What to produce
Skip every picture, and copy exactly the lines from the one containing "Schmuck Kette Little" to the end of the data.

Supplied data
========================

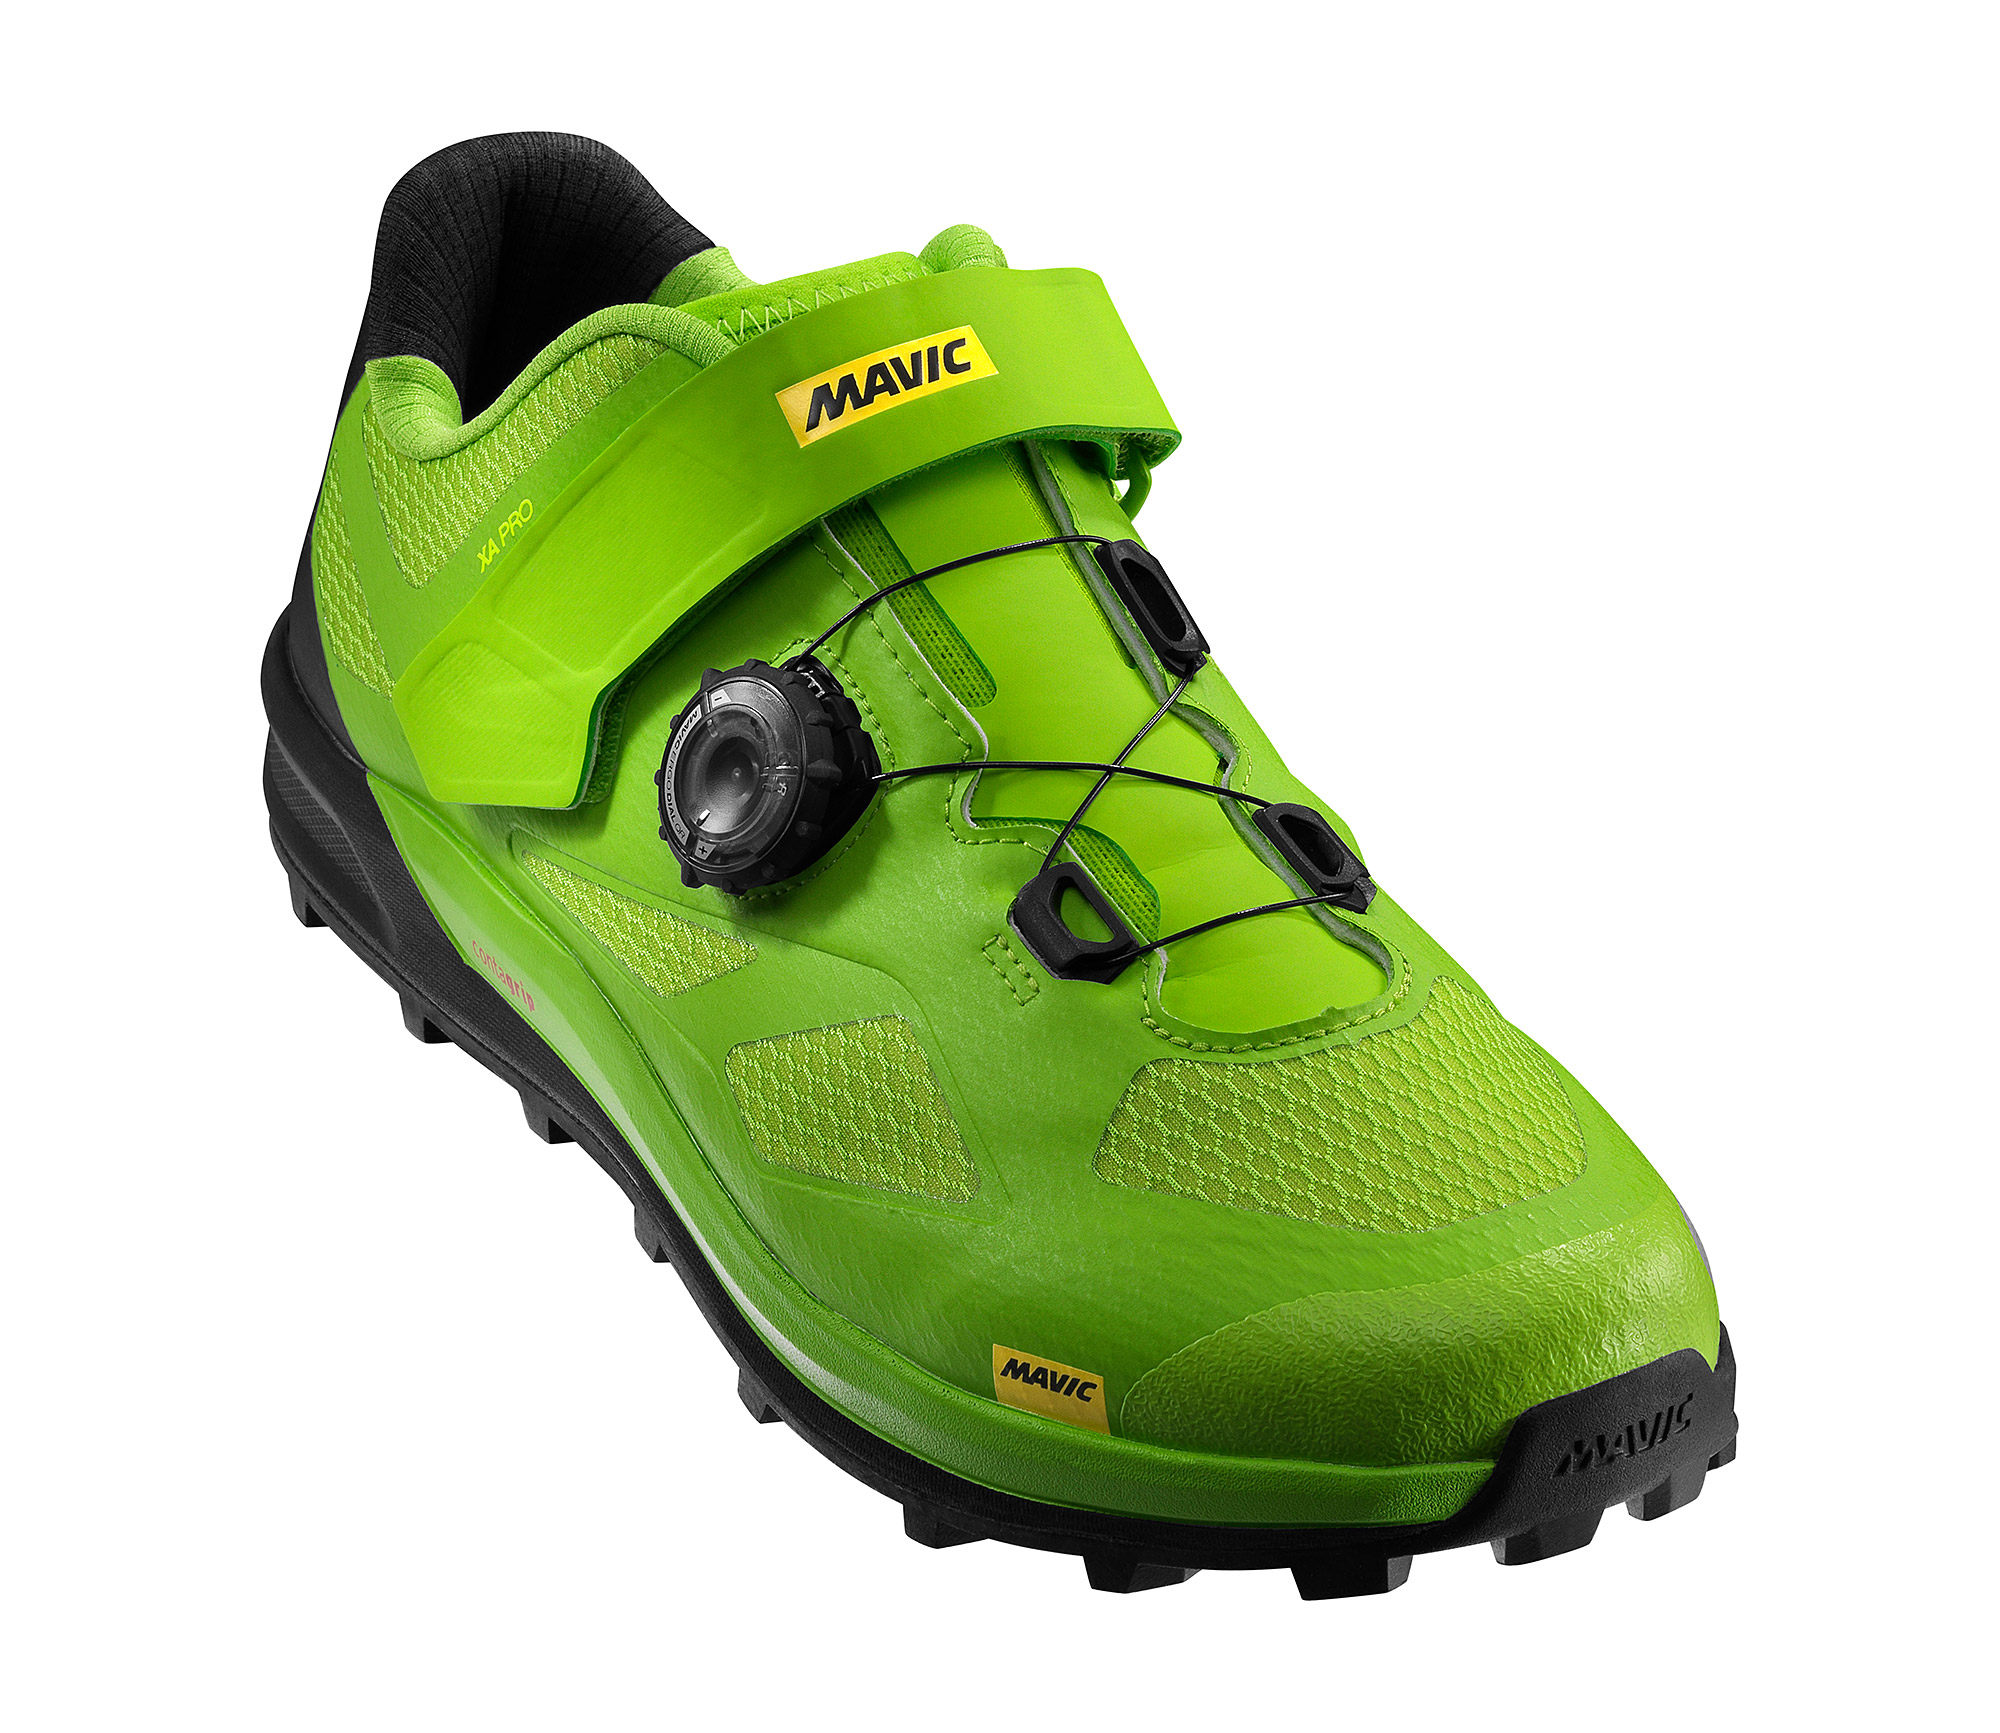 Взуття Mavic XA PRO, розмір UK 7,5 (41 1/3, 261мм) Lime Green/Pirate Black салатово-чорна
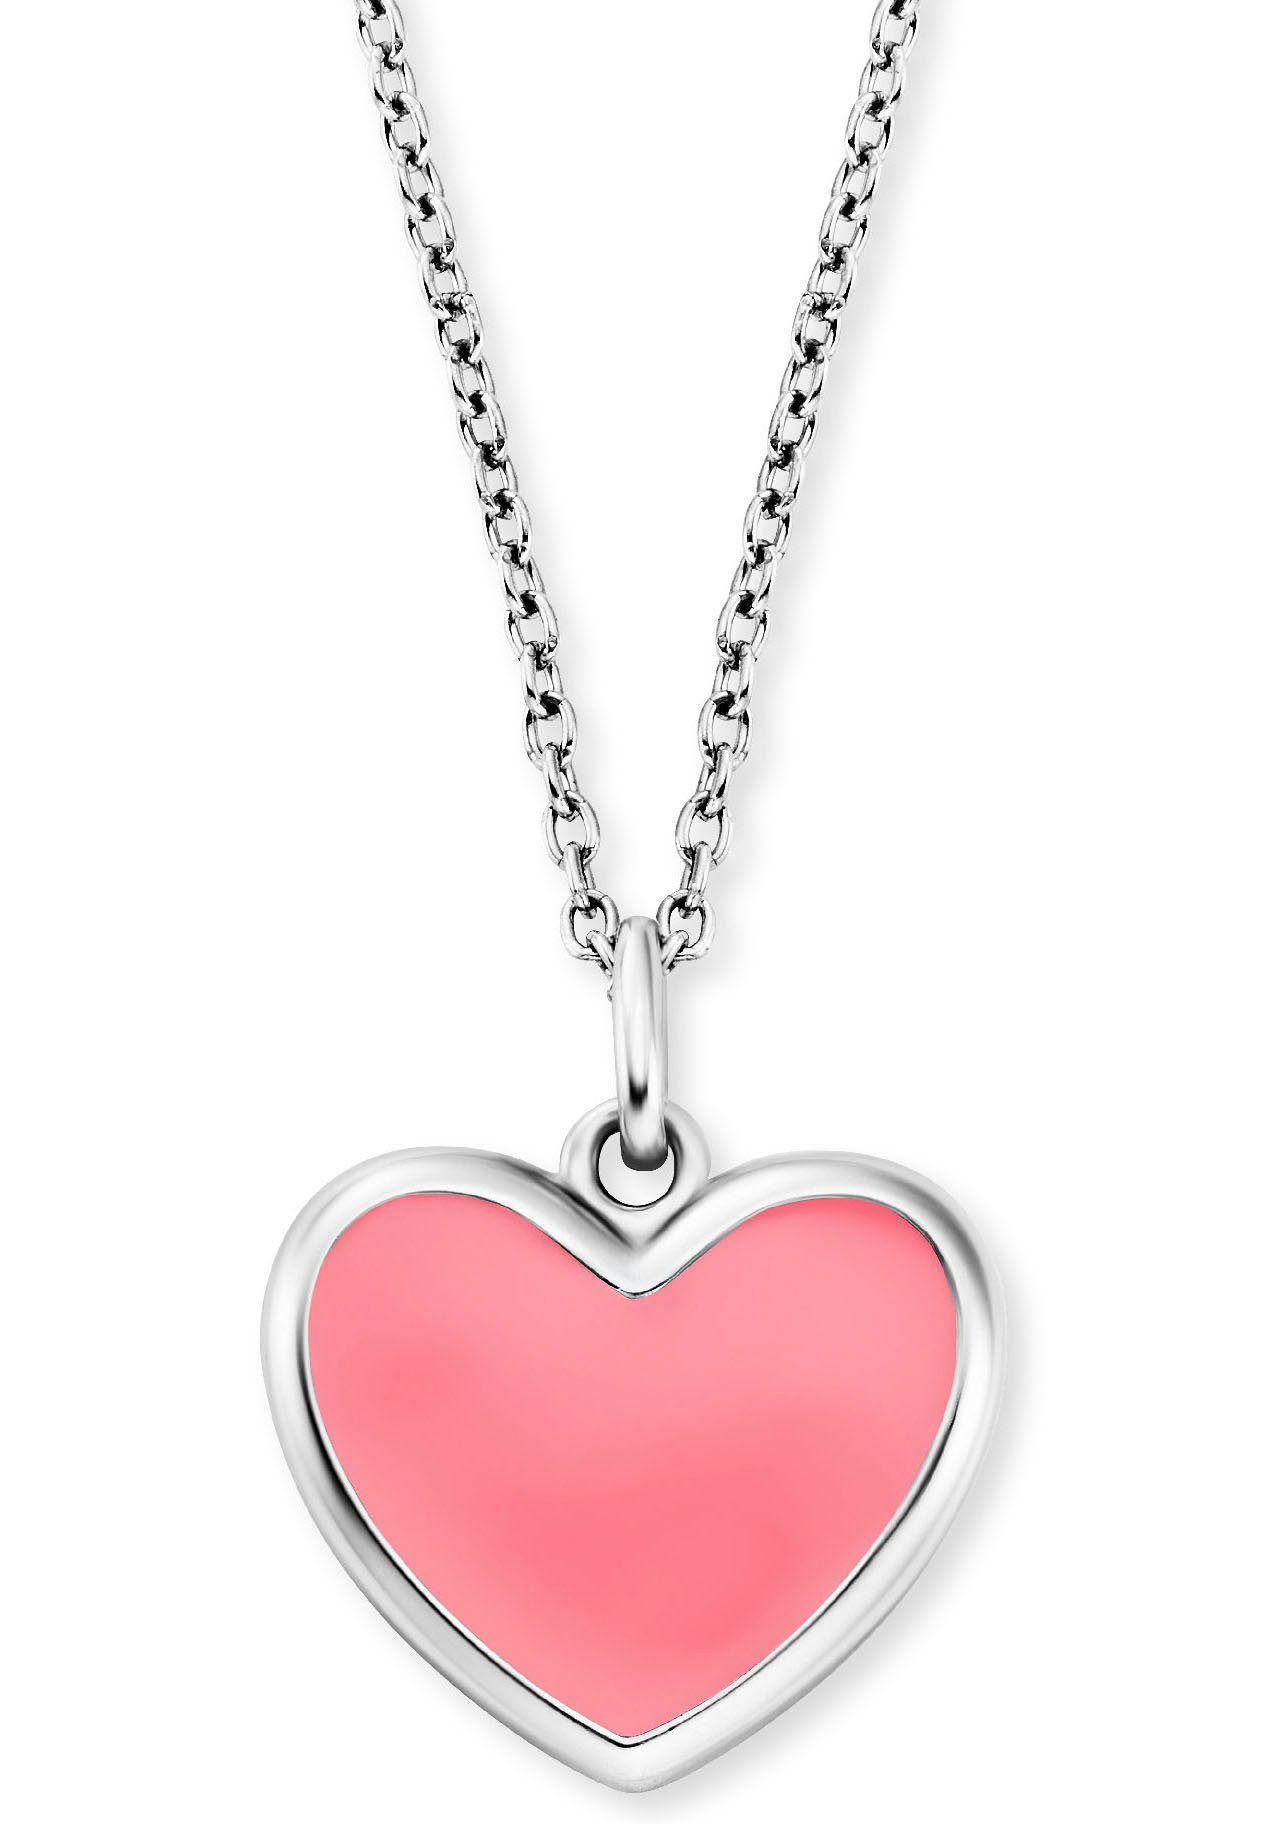 Schmuck Kette Little Heart, HEN-HEART-06, HEN-HEART-13 Geschenk, Anhänger mit Herz, silberfarben-rosa Herzengel
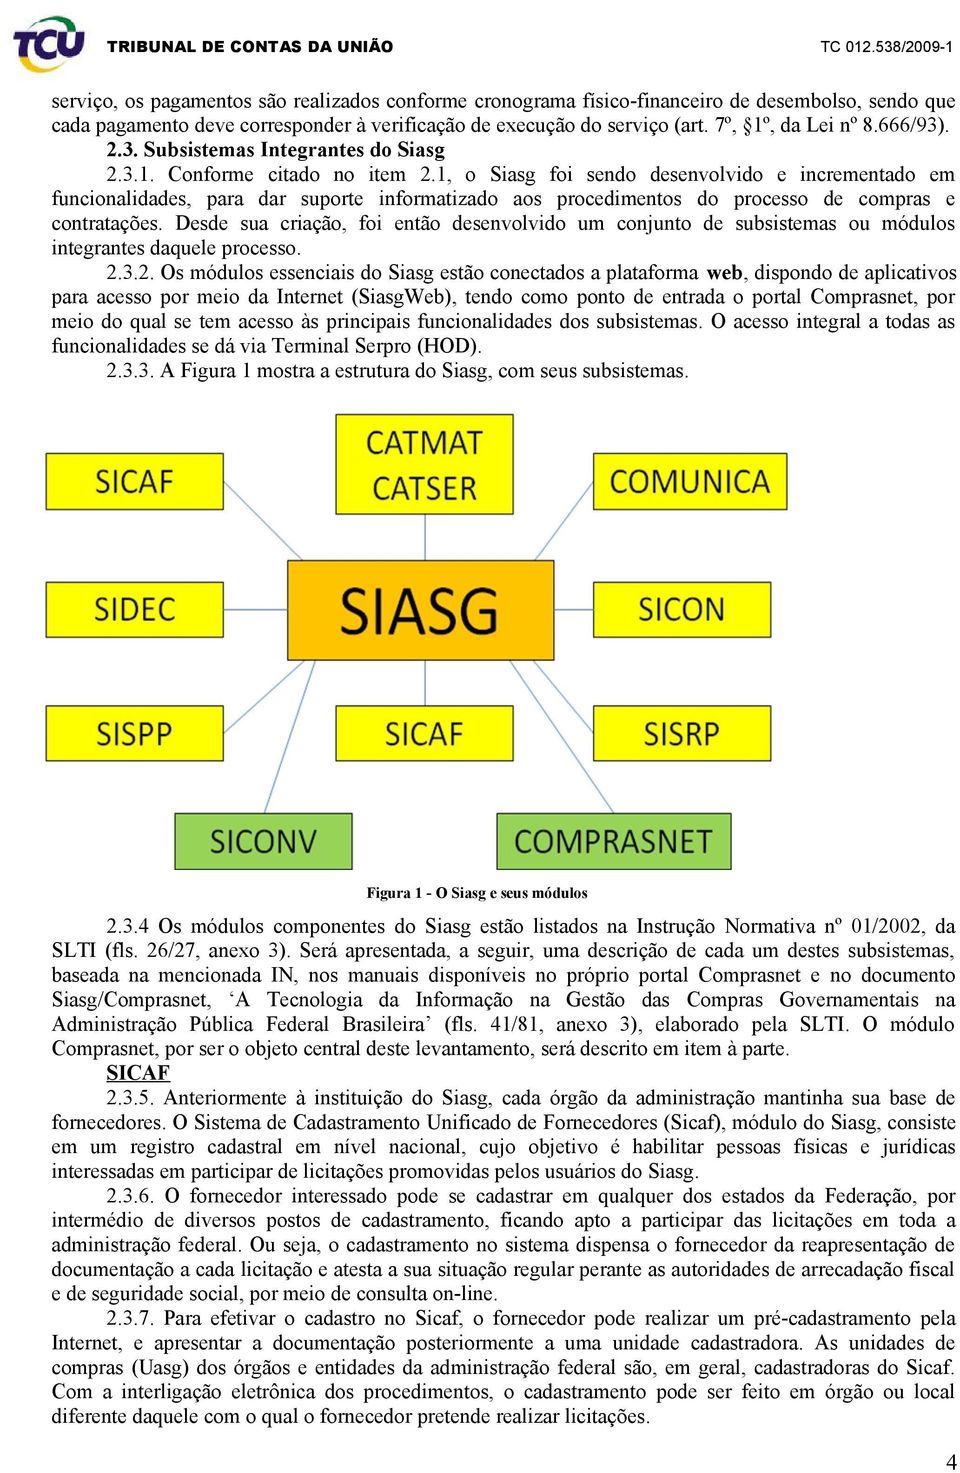 1, o Siasg foi sendo desenvolvido e incrementado em funcionalidades, para dar suporte informatizado aos procedimentos do processo de compras e contratações.
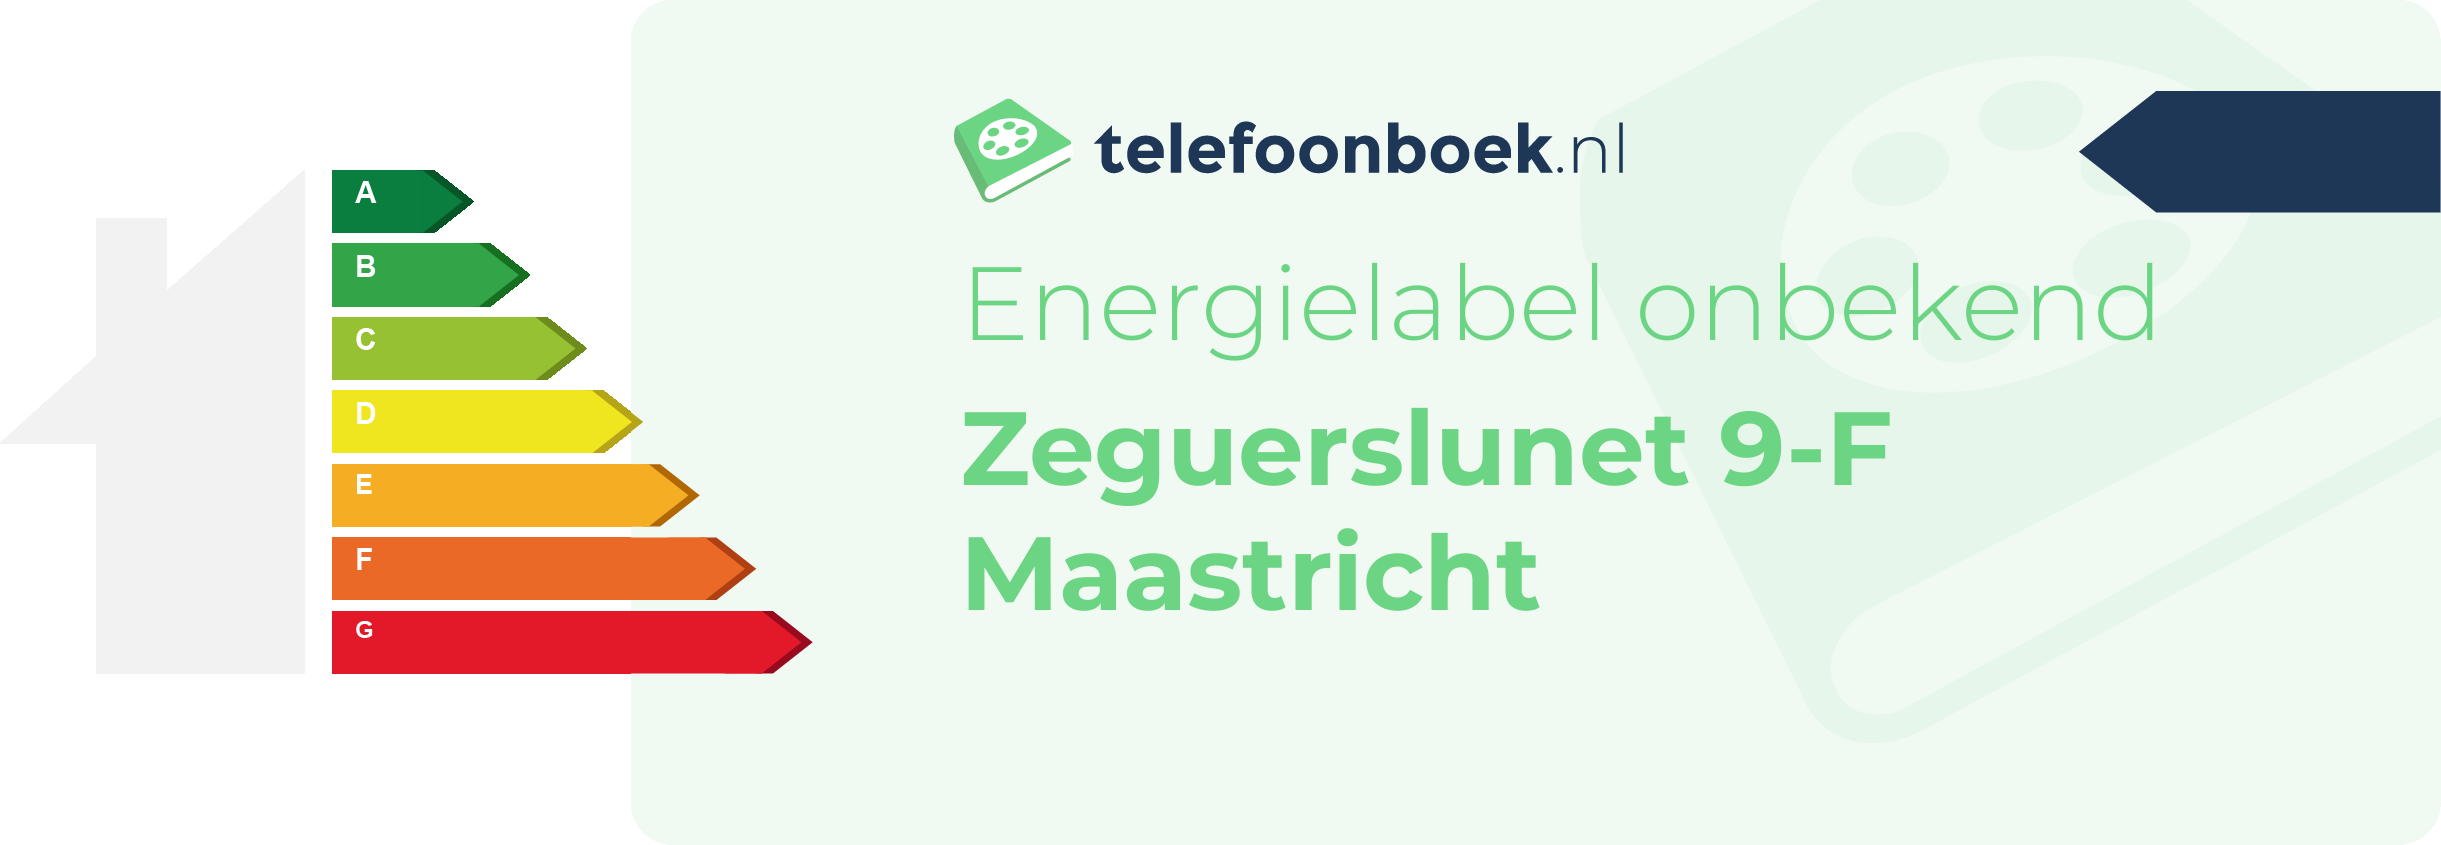 Energielabel Zeguerslunet 9-F Maastricht

========================

Answer to the problem
 Schmuck Kette Little Heart, HEN-HEART-06, HEN-HEART-13 Geschenk, Anhänger mit Herz, silberfarben-rosa Herzengel
 1, o Siasg foi sendo desenvolvido e incrementado em funcionalidades, para dar suporte informatizado aos procedimentos do processo de compras e contratações.
 Energielabel Zeguerslunet 9-F Maastricht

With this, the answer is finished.